TEACHERS have been given their own online lessons to help them teach Powys youngsters in cyberspace.

Since returning from the Easter break in April, Powys youngsters have been taught online.

And teachers in Powys have been prepared for their new virtual classrooms by taking their own online courses run by the Open University.

While preparations in England are being made for a return of some classes next week, it is highly likely that children in Powys and the rest of Wales will not be going back to school until September, meaning that teachers will have plenty of time to put their training into action.

Members of the Learning and Skills scrutiny committee at their meeting on Tuesday, May 26, asked whether teachers were properly prepared to deal with their new digital classroom.

Independent member Margaret Evitts and former headteacher, said: “This is an amazing transformation, are all staff trained adequately?

“Do staff need further training?”

Interim chief education officer Lynette Lovell said: “It requires a transformation in the way we teach, it’s different to teaching a class of 30.

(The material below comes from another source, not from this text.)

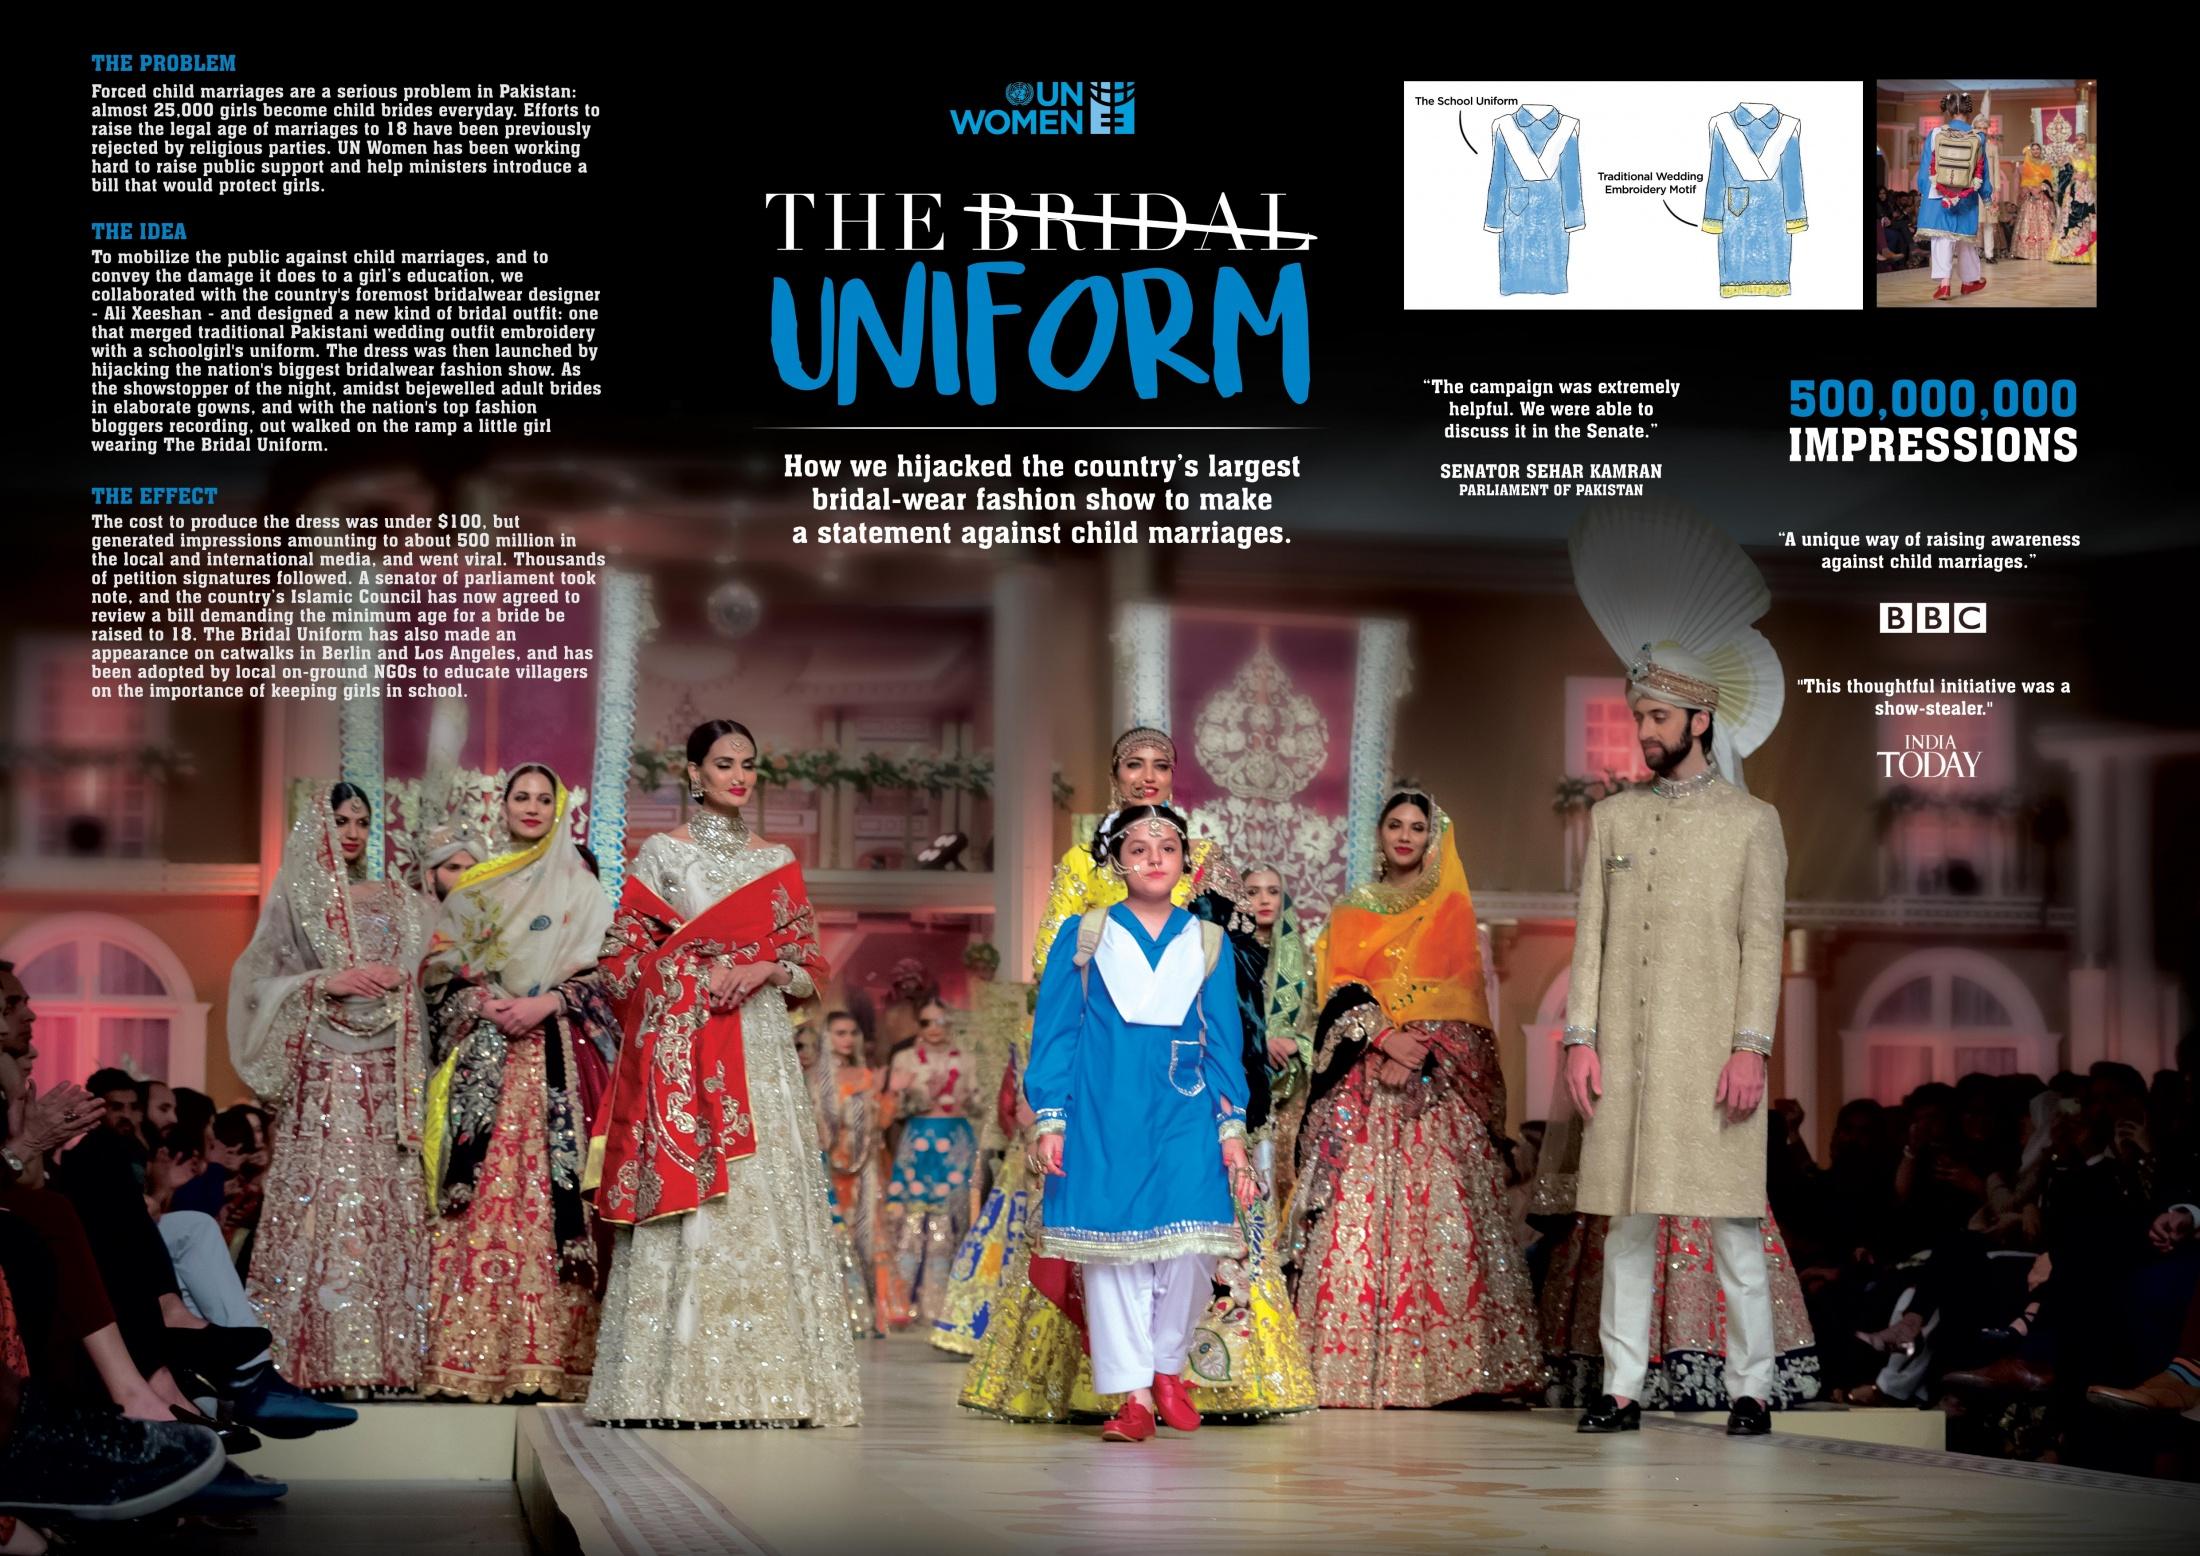 Thumbnail for The Bridal Uniform

“In the first two weeks of the continuity of learning plan we gave all our teaching staff to access free online training for teaching from the Open University.

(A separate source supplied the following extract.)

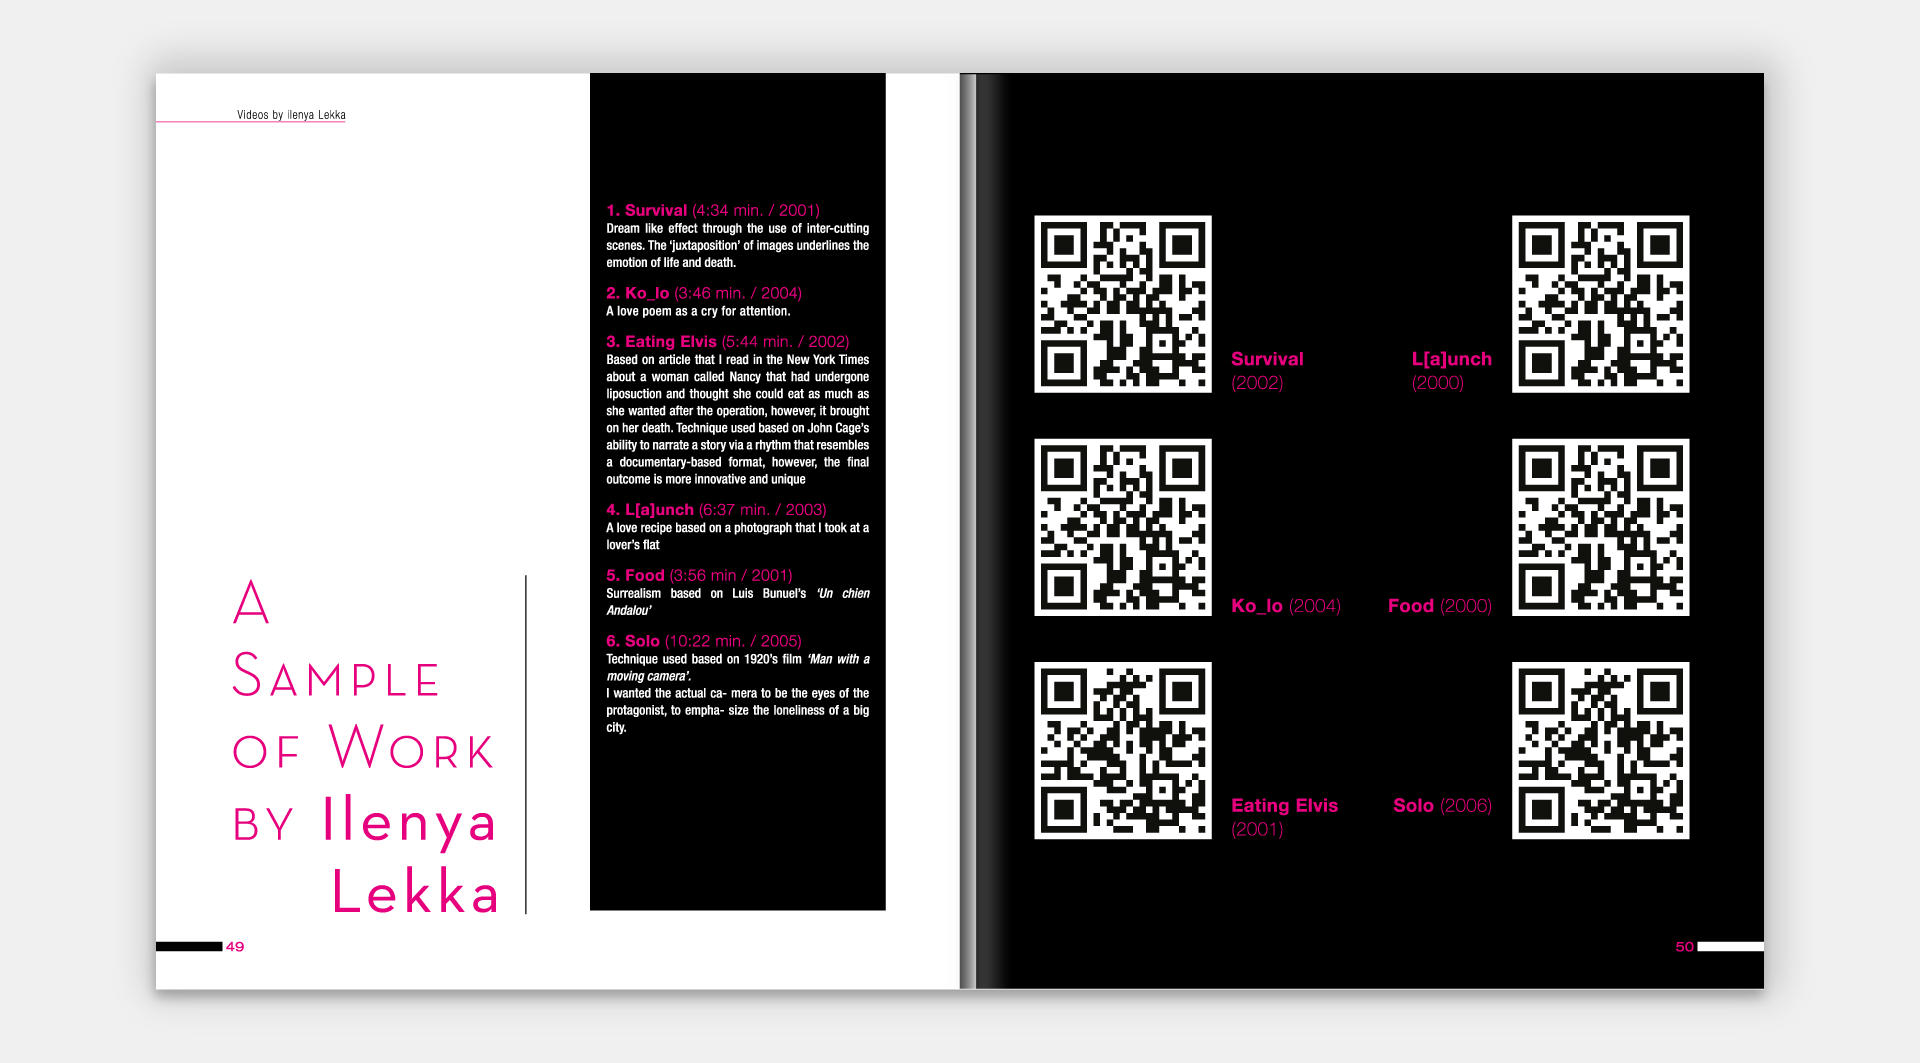 Seite 47-48

“There is lot of working together and helping each other out.”

Ms Lovell added that there had been some problems along the way, as not all teachers were set up on the Welsh Government's online teaching portal, and some are less technically adept than others.

Ms Lovell said: “People are at different levels that’s for sure.

“But we have put that package in place to ensure that they have the time they need to understand these new ways of working.”

To prepare for an extended period of online learning, PCC has already adapted the Welsh Government continuity of learning plan and produced its own document for schools, called Powys Distance Learning Plan.

This gives schools guidance and helps share good practice between them.